Trying to bring the MARI system up to speed, Alan had got Reilley to find them a dedicated frequency, and it made a difference. Stevens had flown the tech reps from the manufacturer twice, and they swore they could have a patch in a week, which was six days too long for Alan. Several of them were huddled around their own equipment in the back of the ready room at all hours, talking about code and parameters. They didn’t make much sense to Alan, but he noticed that both Campbell and Soleck understood them, and he got one or the other to give him plain-language reports on their progress.

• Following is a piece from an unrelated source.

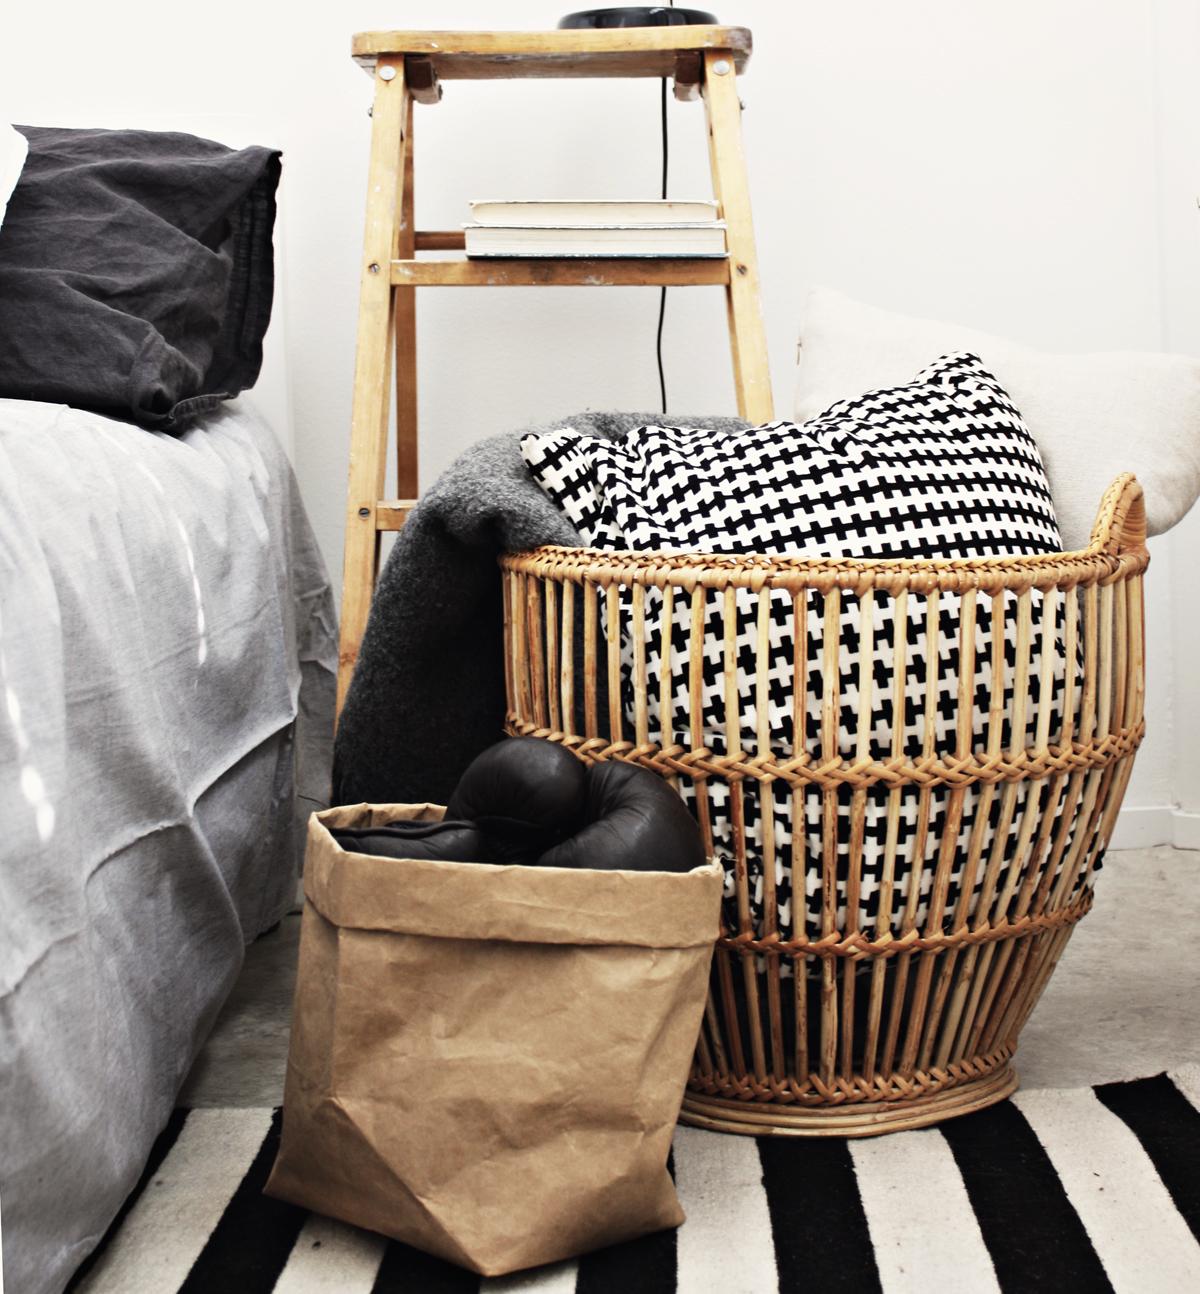 baskets_038.jpg

Whenever Alan looked up, Soleck was there with a question. After one day, Soleck seemed to love everything about the boat, and his puppy-dog curiosity and enthusiasm would have been infectious if Alan had not had so much on his mind. Alan found himself snapping at Soleck because he made such a ready target, but another sleepless night in his stateroom chewing over the problems that surrounded him—his career, Rose, his detachment—suggested to him that Soleck was not the proper target. In fact, Soleck, despite his terrible youthfulness, was something like a genius. By his second flight, he had mastered the multi-function keys that older and wiser men avoided. He could get the constantly dropped link back in seconds. He even knew something about bandwidth and antennas, and the crews were jury-rigging bigger antennas on both planes to meet some new specs that Campbell, Soleck, and the reps had designed.

Prepping for a flight of his own, Alan was on his way to meteorology, Soleck padding behind, explaining the new idea. Alan bumped into somebody.

“Buddy, you lost?” Rafe was standing in front of him, holding a kneeboard.

“You take up a lot of p’way,” said Alan, trying to make a joke of it.